The sample names stored in the column names here match the sample names stored in the row names in our metadata dataframe. We can check this.
length(intersect(row.names(expt_metadata), # see how many (length function) names overlap (intersect function) between the row names (row.names function) of expt_metadata...
colnames(expt_matrix))) # ... and the column names (colnames function) of expt_matrix
## [1] 12
We can now create our Seurat object
Seurat_object <- CreateSeuratObject(count = expt_matrix,
meta.data = expt_metadata) # create our Seurat object
Seurat_object # see the number of genes (features) and cells (samples) in our object - it matches the corresponding dimensions of our initial data
## An object of class Seurat
## 19731 features across 12 samples within 1 assay
## Active assay: RNA (19731 features, 0 variable features)
Both our metadata and our count matrix information, matched by sample names, are now stored in the Seurat object.
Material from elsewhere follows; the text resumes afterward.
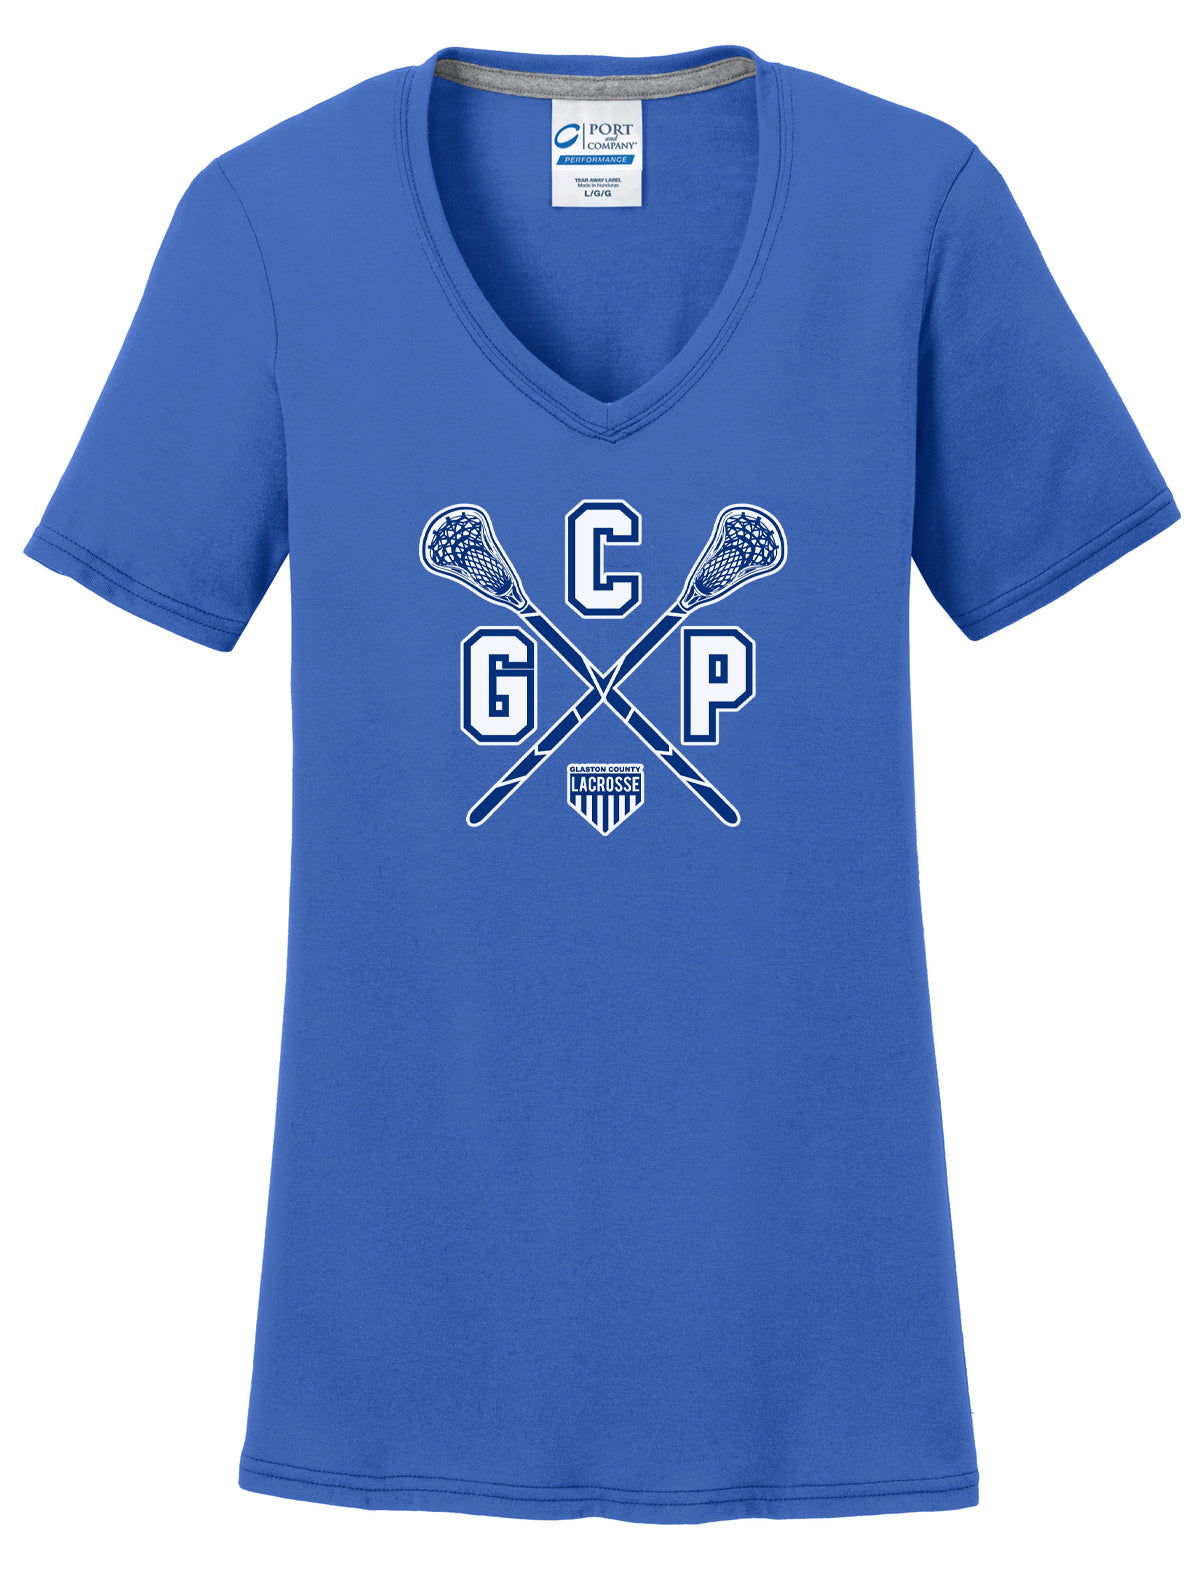 GCP Lacrosse Women's Royal T-Shirt

Seurat_object@meta.data[,1:6] # see our metadata
## orig.ident nCount_RNA nFeature_RNA Sample Treatment Age
## VA1 SeuratProject 8918135 14784 VA1 Vehicle Adult
## VA2 SeuratProject 8706077 14954 VA2 Vehicle Adult
## VA3 SeuratProject 8030799 14842 VA3 Vehicle Adult
## DA1 SeuratProject 6006648 14605 DA1 20mgkg_at_E65to95 Adult
## DA2 SeuratProject 7418558 14756 DA2 20mgkg_at_E65to95 Adult
## DA3 SeuratProject 6997251 14792 DA3 20mgkg_at_E65to95 Adult
## VE1 SeuratProject 24977800 16900 VE1 Vehicle Embryonic
## VE2 SeuratProject 22332557 16900 VE2 Vehicle Embryonic
## DE1 SeuratProject 23473360 17045 DE1 20mgkg_at_E65to95 Embryonic
## DE2 SeuratProject 22869158 16958 DE2 20mgkg_at_E65to95 Embryonic
## DE3 SeuratProject 21601847 16980 DE3 20mgkg_at_E65to95 Embryonic
## DEI SeuratProject 23721425 17248 DEI Vehicle Embryonic
Seurat_object@assays$RNA@counts[1:5, ] # see the first 5 rows of our count matrix
## 5 x 12 sparse Matrix of class "dgCMatrix"
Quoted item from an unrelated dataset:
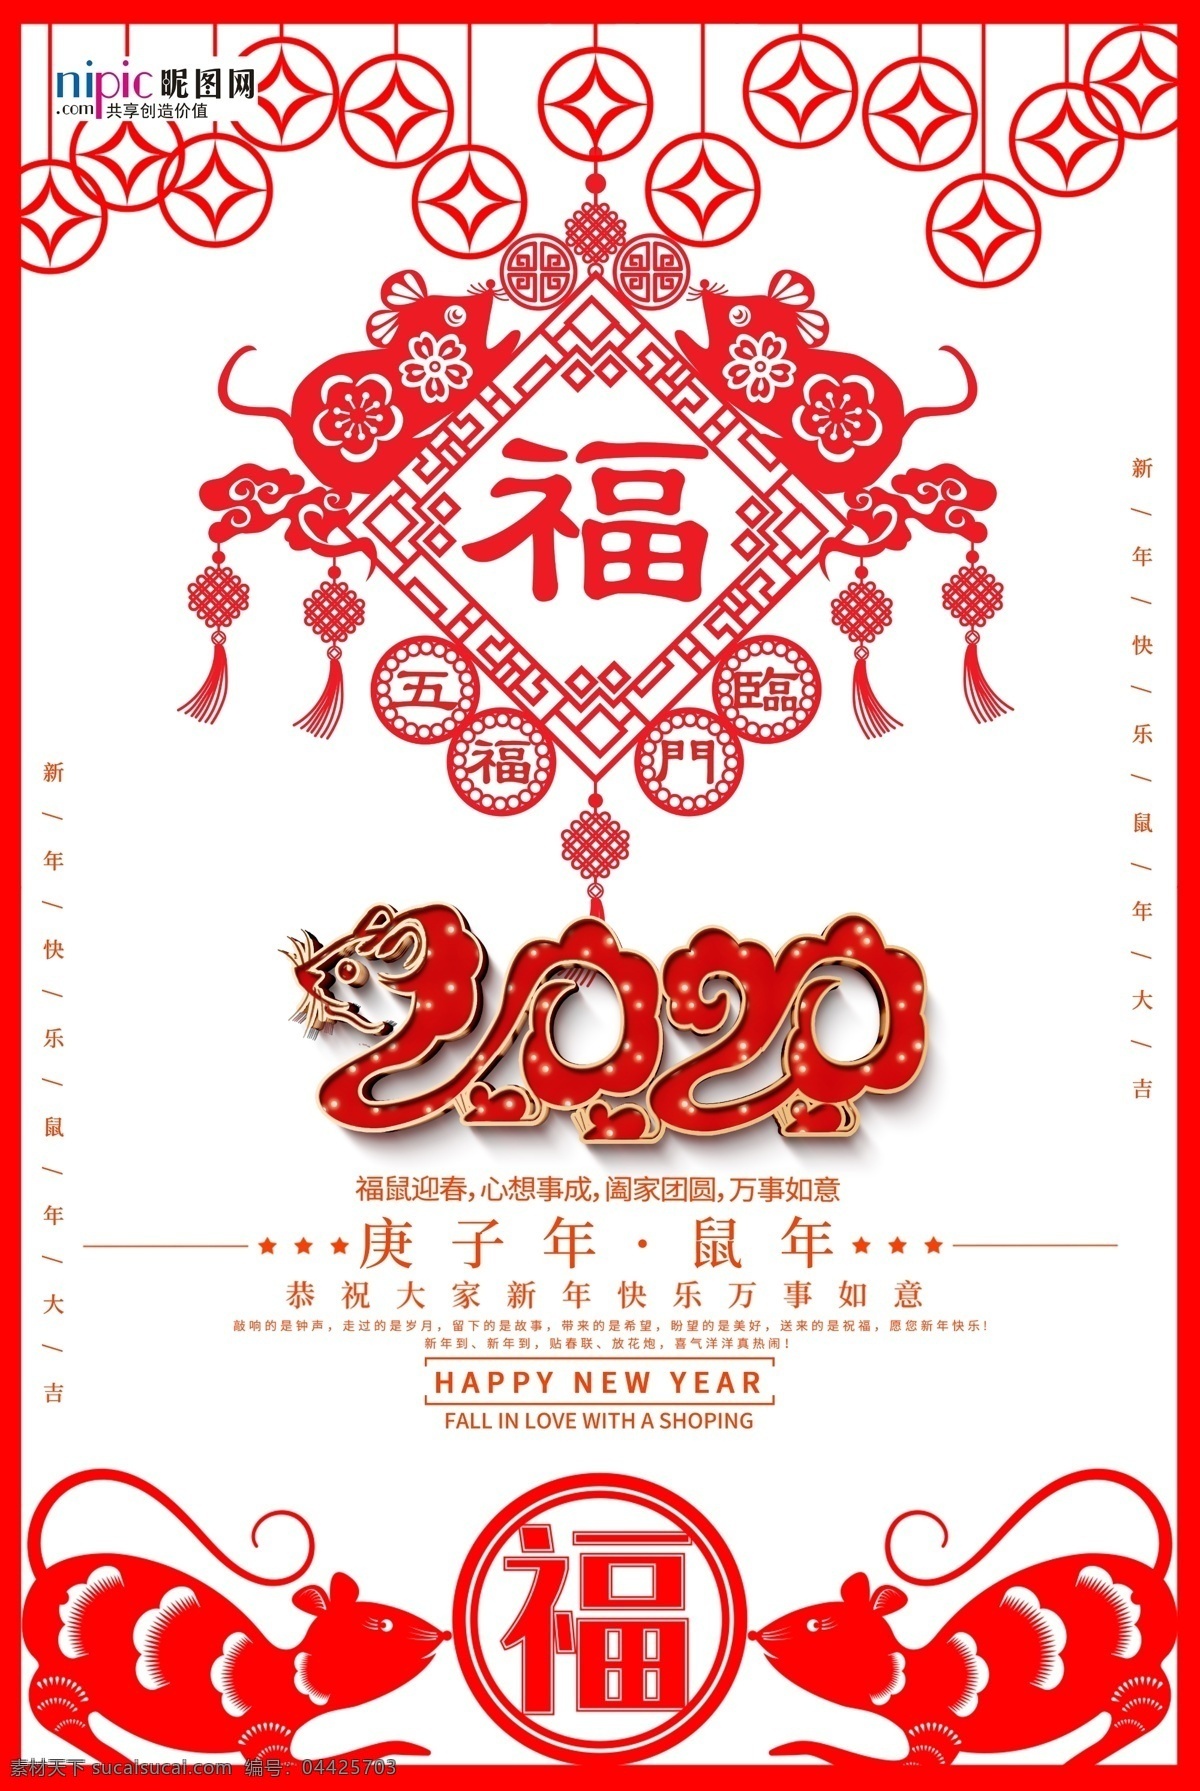 鼠年剪纸海报 福字 中国结 老鼠 灯笼 中国风 2020 剪纸

## [[ suppressing 12 column names 'VA1', 'VA2', 'VA3' ... ]]
##
## 0610009B22Rik 195 195 218 166 201 191 325 262 300 288 253 170
## 0610009E02Rik 10 7 5 1 2 4 137 20 9 6 14 75
## 0610009L18Rik 149 130 175 99 159 120 41 41 51 41 32 43
## 0610010F05Rik 123 117 106 107 98 120 499 512 508 594 512 445
## 0610010K14Rik 2 . 3 . 2 . 1128 882 941 944 1064 1216
Our data is stored in one Seurat object now. There are a few changes we should note.
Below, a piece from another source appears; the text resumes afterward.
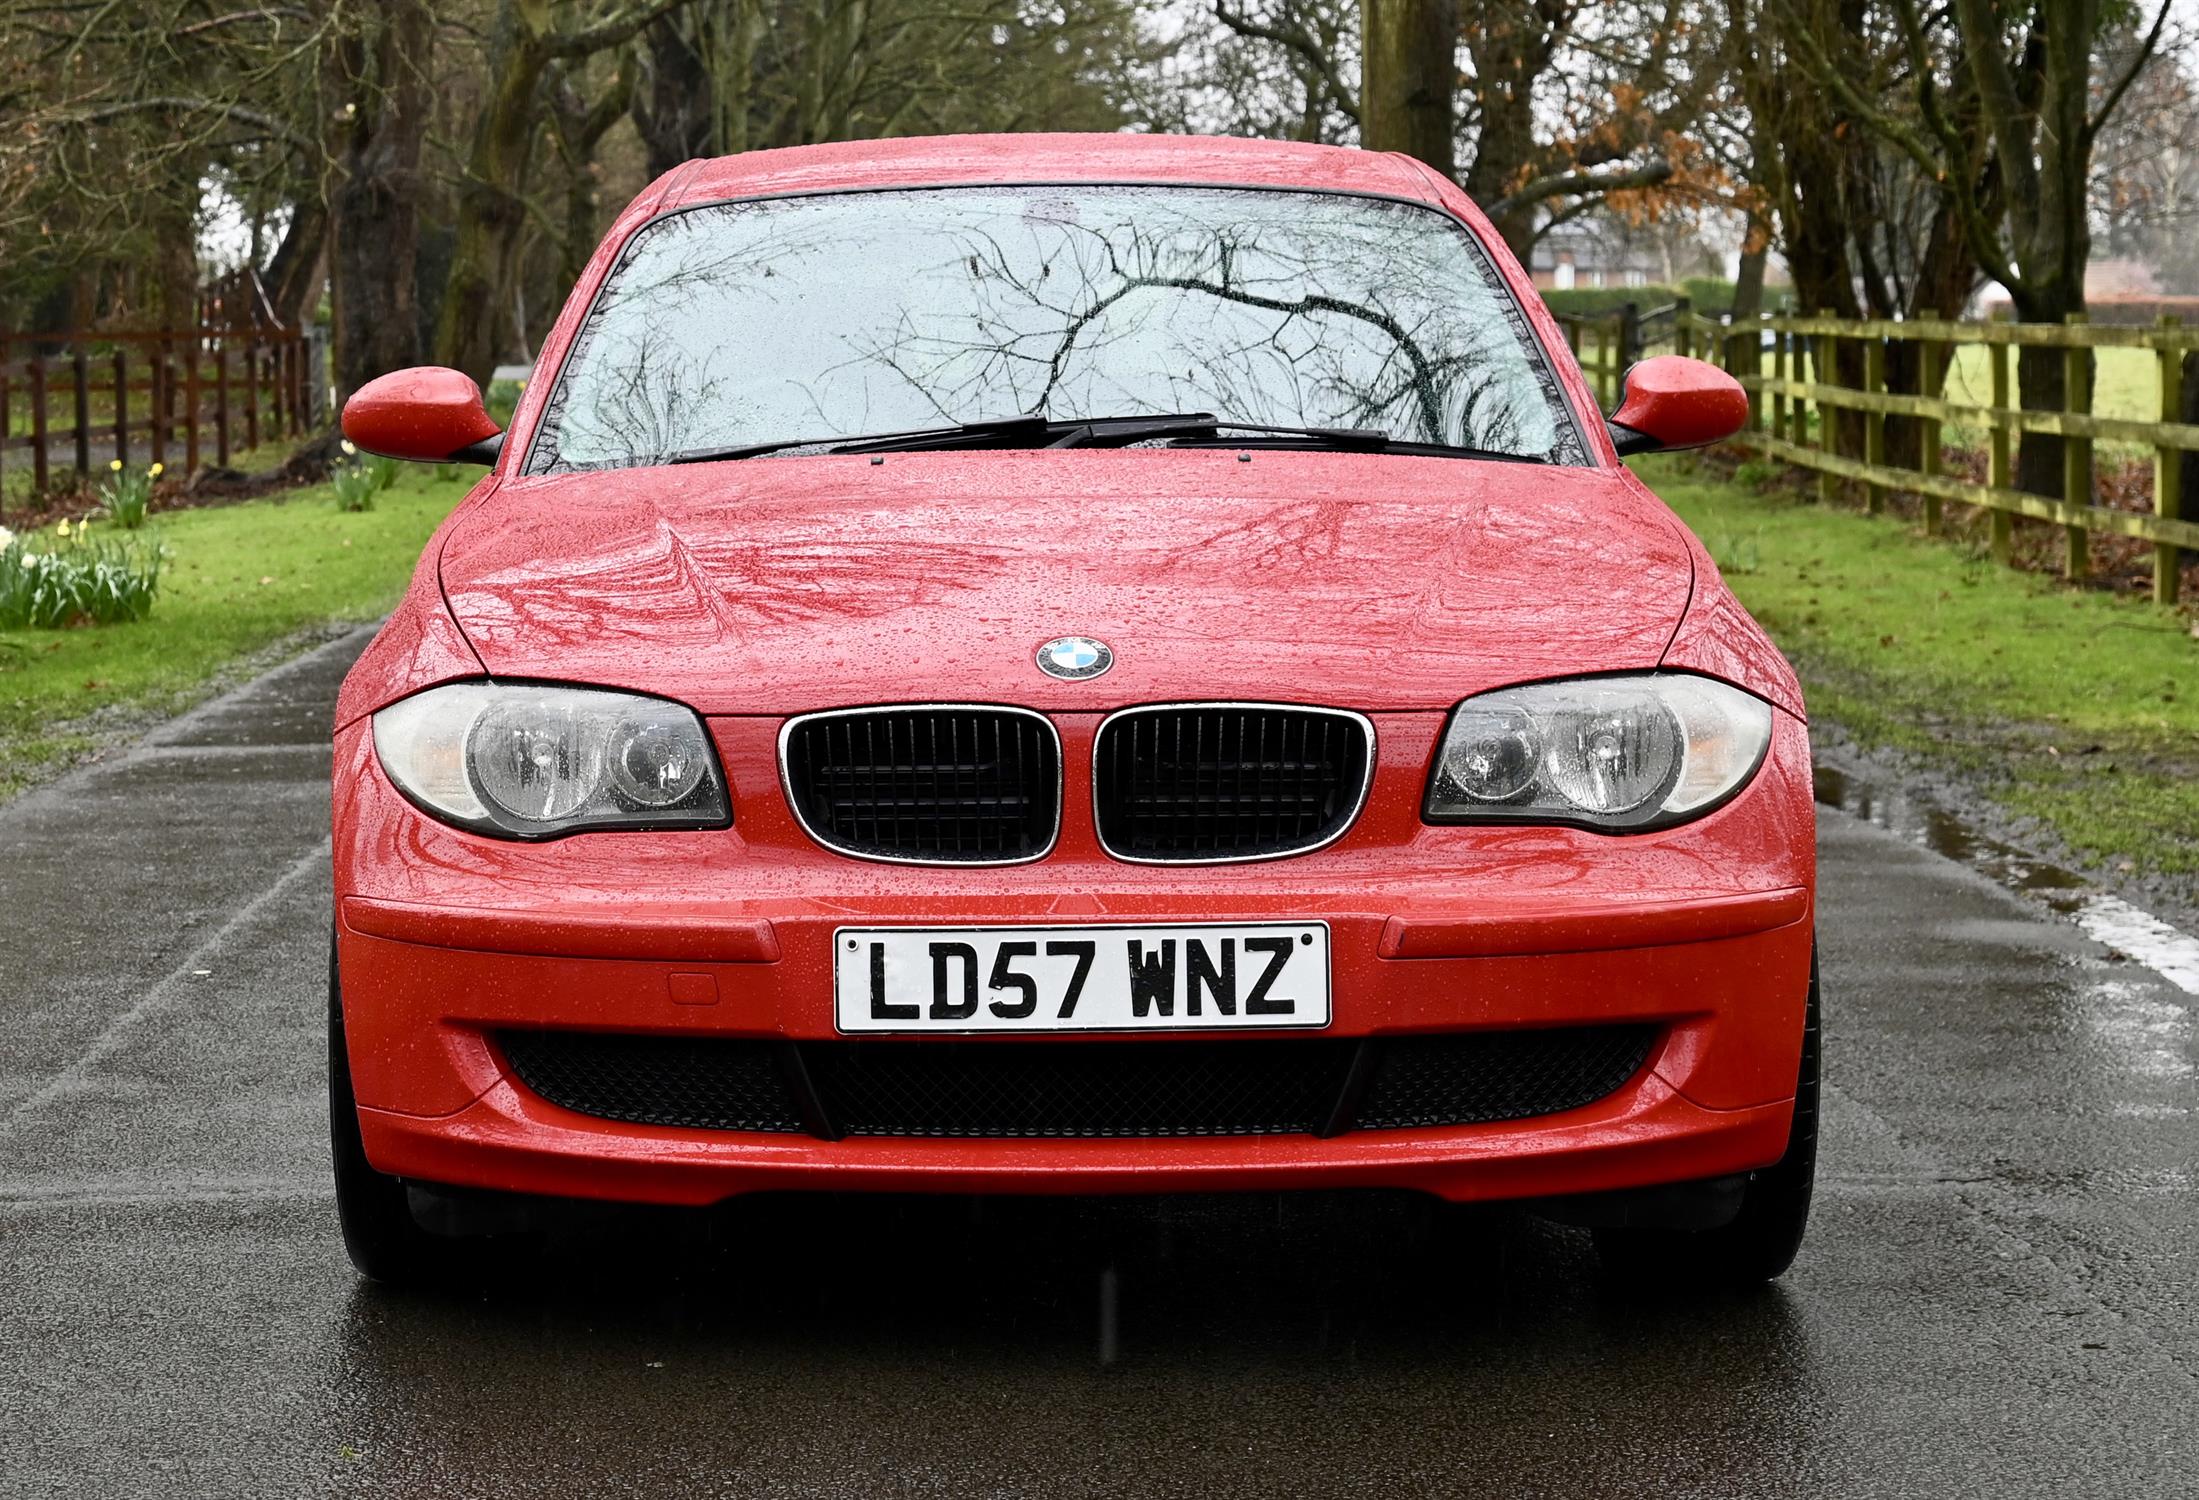 2007 BMW 116i 1597cc Petrol 5 Door Hatchback. Registration number: LD57 WNZ. Mileage: 142,600. - Image 11 of 12

Our metadata now has a few extra columns at the beginning, like n_Count_RNA and n_Feature_RNA, which represent the total number of reads and the number of detected genes in each sample. This was generated by Seurat.
Our count matrix is now stored as a sparse matrix, where 0’s are replaced with “.”. This is also done by Seurat, with the intention to save memory space.
Next class we will work on data processing and analysis within Seurat and other packages.